At the precise center of Roby, Texas, on one of the town’s more expensive pieces of real estate, is a crudely made sign: good used clothes 10 cents to $1. It sits in front of a faded little store and tells you everything you need to know about the economics of this dying cotton-and-cattle town. The average house here costs $30,000. The average income is barely $20,000. Everywhere buildings are boarded up, abandoned, sinking in the rust-red dirt. The population is 616 and dwindling.
The town needed a miracle. And over Thanksgiving weekend it got one. With a mixture of shock and gratitude, Roby residents learned that 39 of their own had won more than $1 million each in the Texas state lottery. They belonged to a pool of 43 people organized by Peggy Dickson, 48, a bookkeeper at the town’s cotton gin. Each wagered $10, enabling the pool to buy 430 tickets. The one that won paid $46.7 million–that’s $54,255.81 a person each year for the next 20 years, or roughly $40,000 after taxes. Dickson had never before organized such a lottery syndicate, and many of its participants had never bought a lottery ticket. “It still doesn’t feel exactly real,” says Kathy Terry, one of 21 Terry kinfolk who won (they all are descendants of the town’s founders).
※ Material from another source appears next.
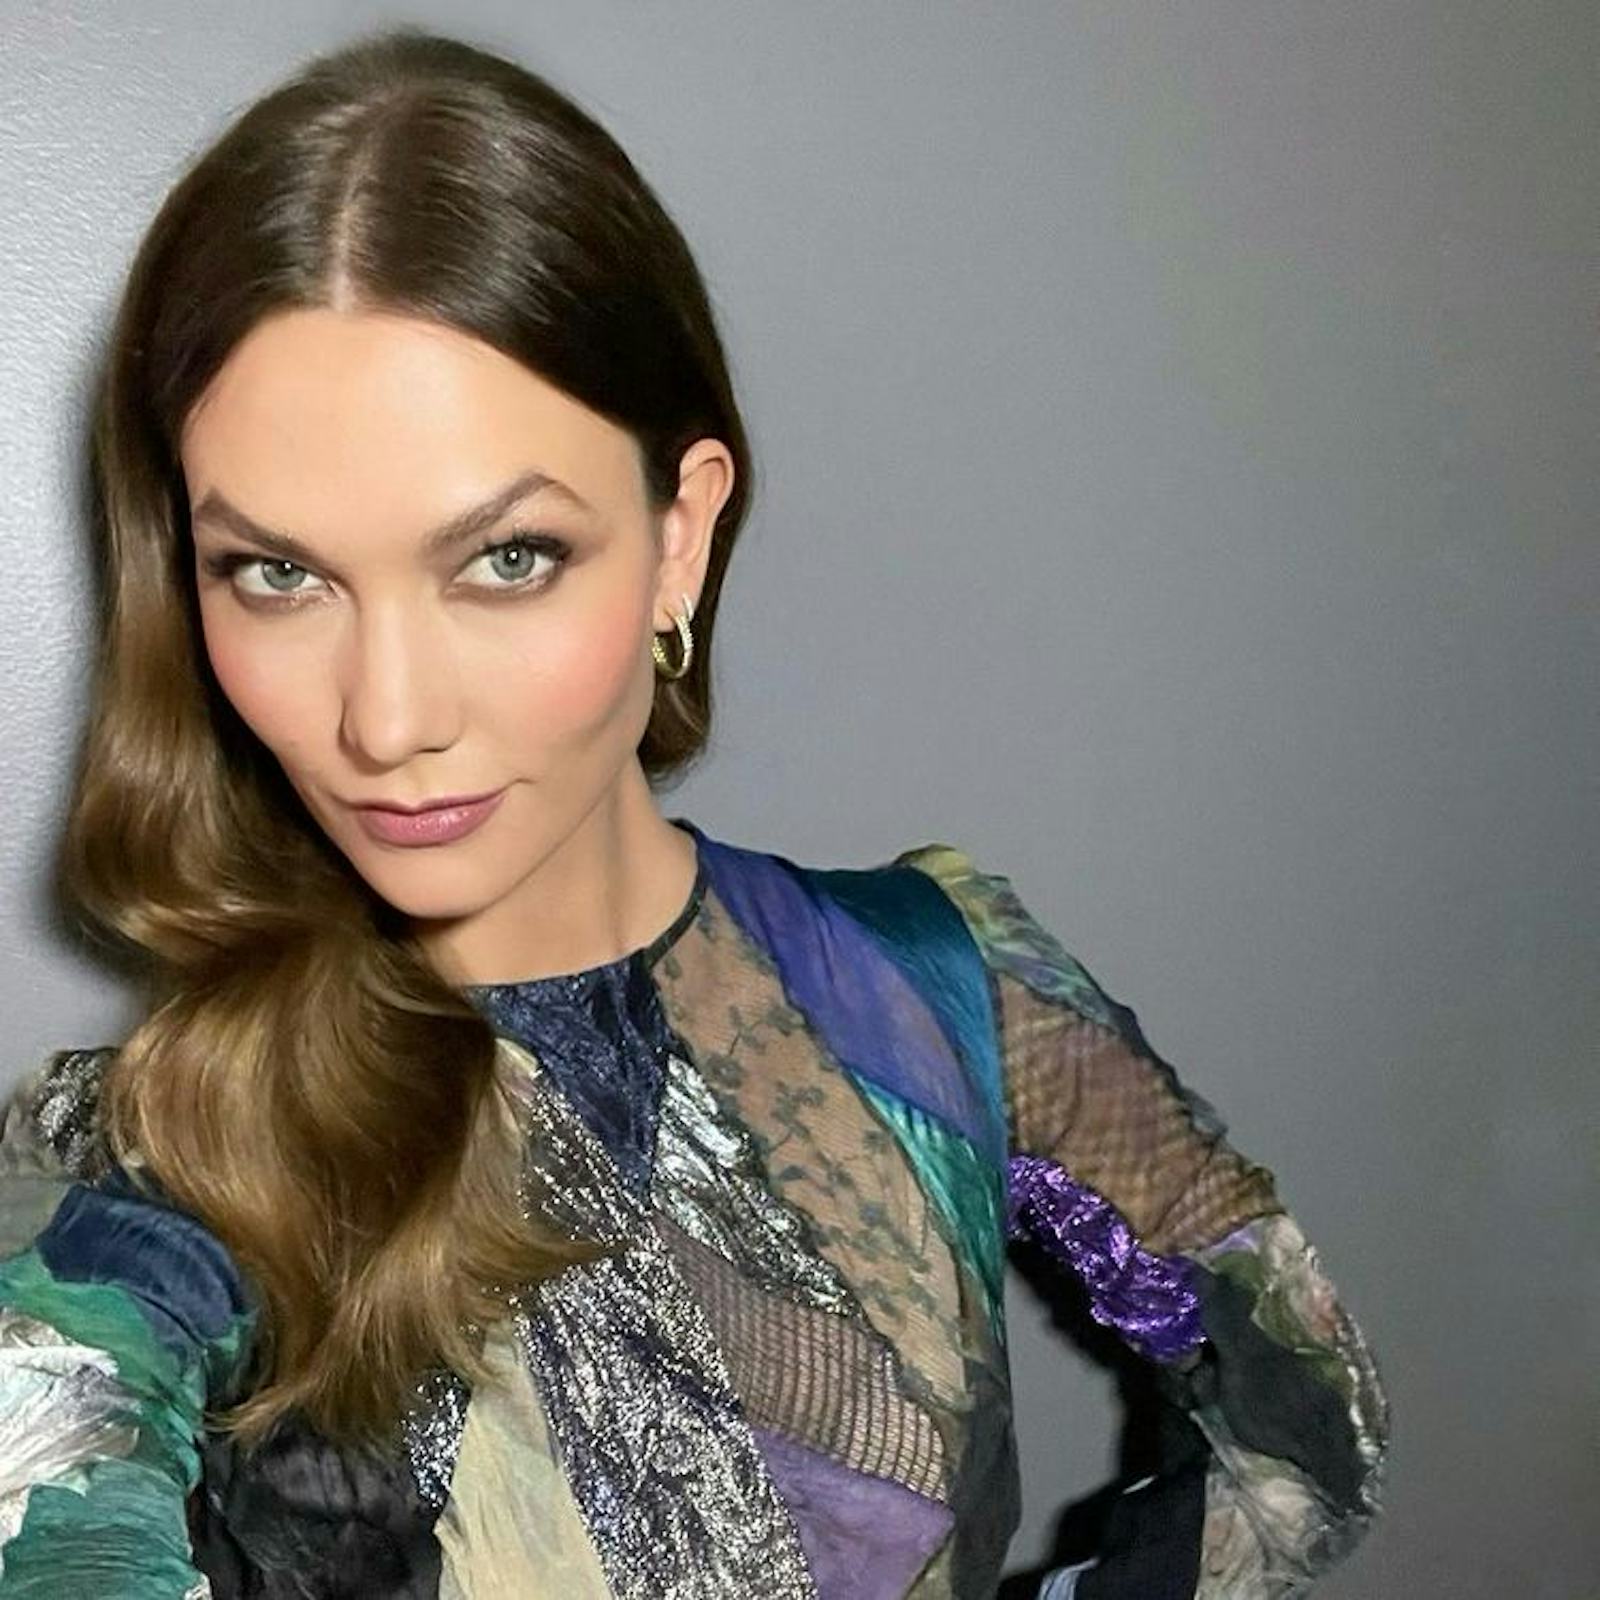 Karlie Kloss’ Subtle-Yet-Sultry Birthday Makeup Is The Perfect Fall Look

Roby residents have reason to be suspicious of their good luck, which has been unfamiliar lately. Misfortunes have descended with biblical force: a three-year drought, a continuing plague of boll weevils and crashing cattle prices. Twenty-eight winners were farmers or ranchers, and three-fourths of them were in deep financial trouble. “In June they were fixing to come get our stuff,” says Kathy Terry of the bankers who hold the notes on their farm. “We’ve kept it going only because we got a loan from my dad. My husband was already looking around for other work.” Manuel Valdez, 43, and his wife Susie, 37, were close to losing Susie’s Fish & Grill, which the couple sank their life savings into only five months before. Manuel, who had stopped by the cotton gin (owned by the Terrys, of course) for a cup of coffee and joined the lottery pool on a lark, says they could not have held out much longer. “This month I really didn’t even want to come to work,” he says. “I opened the checkbook, and we were down to our last $136.” Another winner, Gene Terry, 61, says he had got so far into debt that he had to put up his two small farms as security. “A lot of these farmers just could not have kept farming another year if they had not won,” says Mayor Cecil King.
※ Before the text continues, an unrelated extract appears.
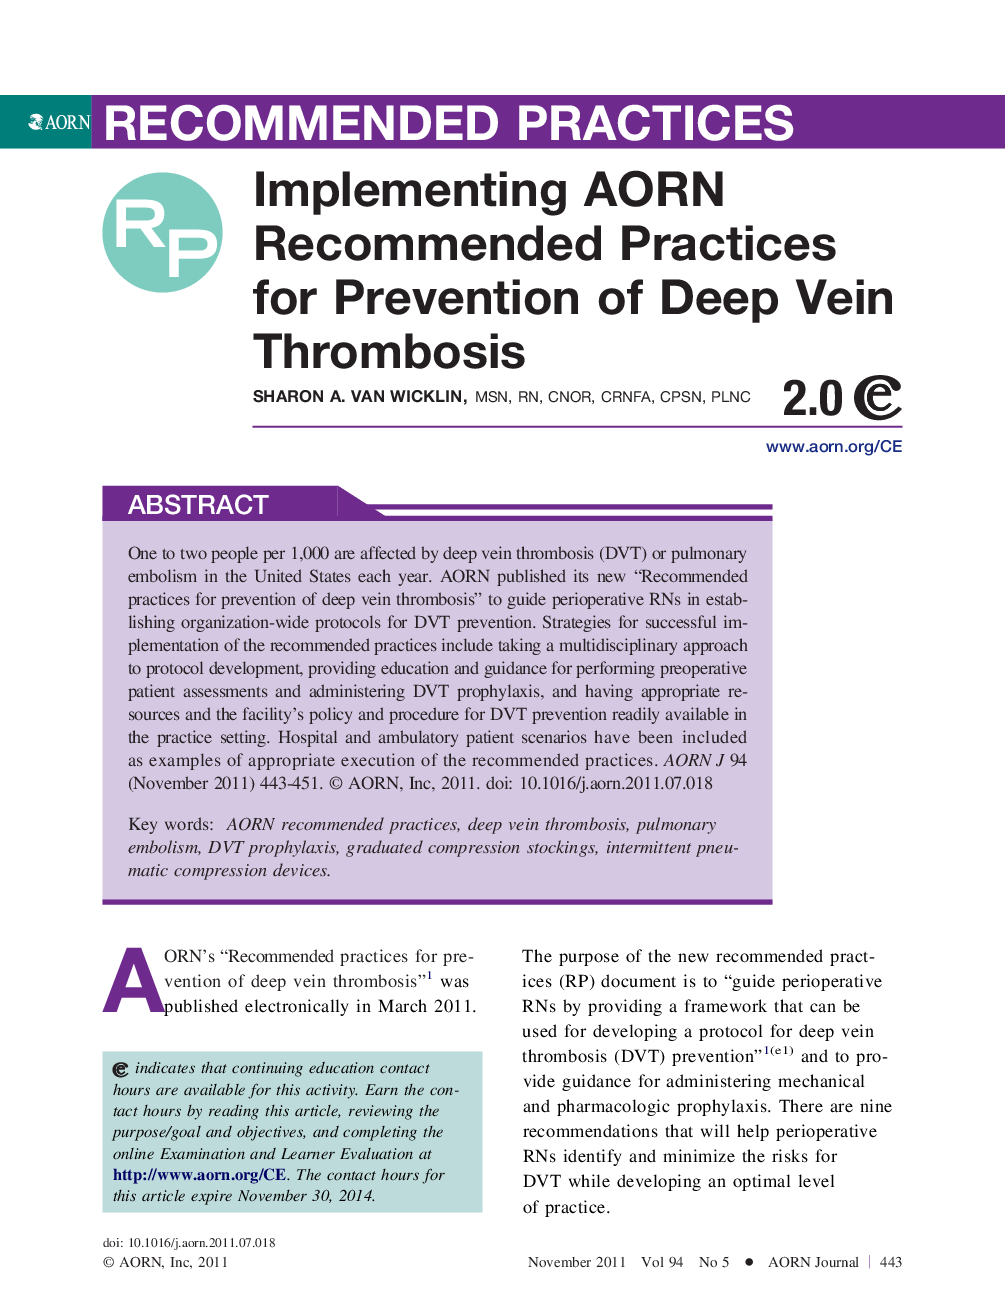 Implementing AORN Recommended Practices for Prevention of Deep Vein Thrombosis

To the question, “What are you going to do with the money?,” the winners say, “Well, buy our freedom, of course.” But freedom in Roby does not mean traveling in Europe, buying a new car or moving away from the dusty prairie. “I’ll tell you what $40,000 means to us,” says Kathy Terry. “It means we can pay off the interest we owe.” Years of financial insecurity have made people like Lance Green, 30, hang on tightly to the things he can count on, like his $9-an-hour job. He doesn’t plan to quit at the gin even after he pays off the debts he ran up in his construction business. “Yeah, I could go out right now and buy a new pickup,” says Mike Terry, 37, who makes $30,000 a year at the Terry cotton gin and whose wife makes $10,000 at the bank. “But I say, What a waste of a whole year’s lottery payment. We’re thinking about things like a college education for our three kids.” The Valdezes plan to hang on to their restaurant and re-enroll their 21-year-old son in college; he dropped out for financial reasons this year.
Even though the dreams of Roby’s millionaires fit their struggles, that has not kept outsiders from as far away as Germany from calling in with investment tips. One financial adviser who contacted several winners billed himself as a “lottery economist.” Green says he has received a phone call from his ex-wife, with whom he has a daughter, expressing interest in the disposition of the money. If there’s any bad feelings from people who missed out on the now famous pool, the tight-knit Robyites are not saying. Two men who were invited to join the pool and turned it down, however, were said by everyone to be “sick about it.”
For now, at least, there seems to be a tacit consensus in Roby that the best outcome of the lottery would be a life that continues unchanged. Winner Thurman Terry, 82, patriarch of the Terry clan, vows to do just that, which means running a few head of cattle. “The problem with retirement,” he says with a wry smile, “is that when you retire you are liable to die, and I have no such plans.”